**Recorded data**
--------
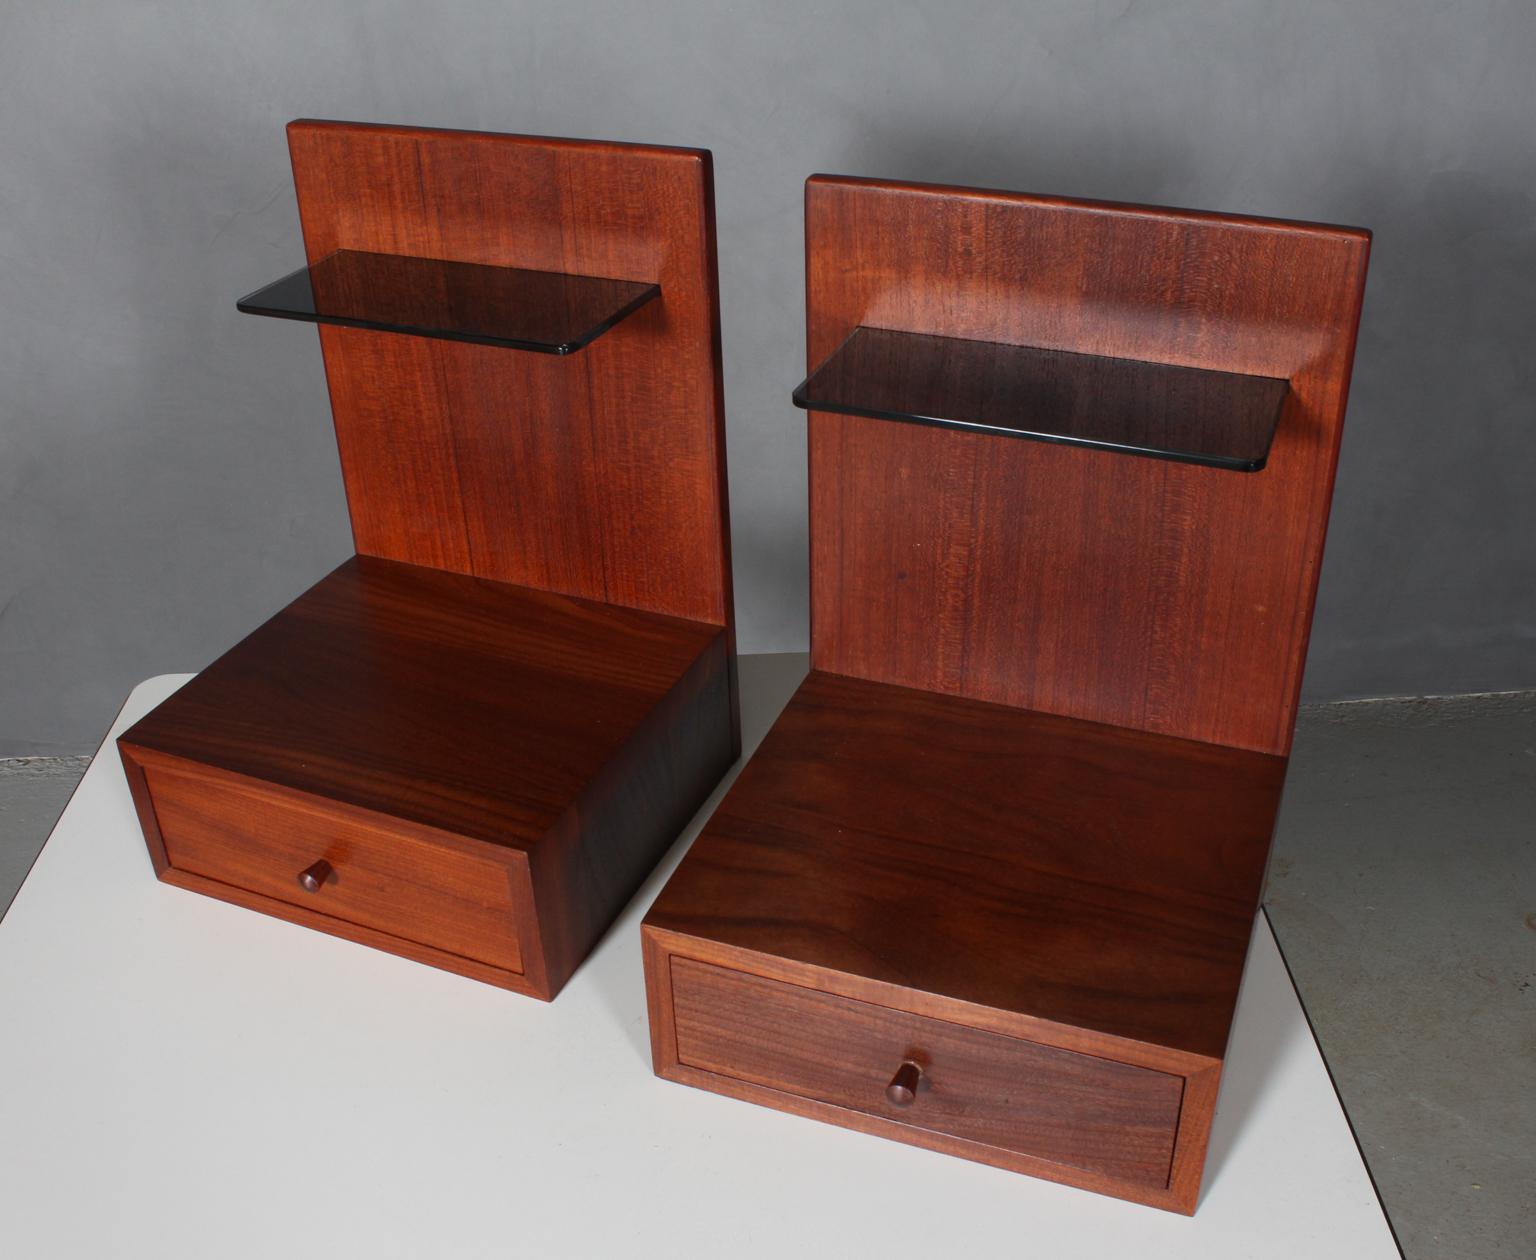 Pair of Wegner nightstands made in teak. With shelf of black glass.

One drawer.

Made by GETAMA in the 1960s.
--------
**Try it**
With the images excluded, reproduce the data above precisely as written.

**Written response**
 Pair of Wegner nightstands made in teak. With shelf of black glass.

One drawer.

Made by GETAMA in the 1960s.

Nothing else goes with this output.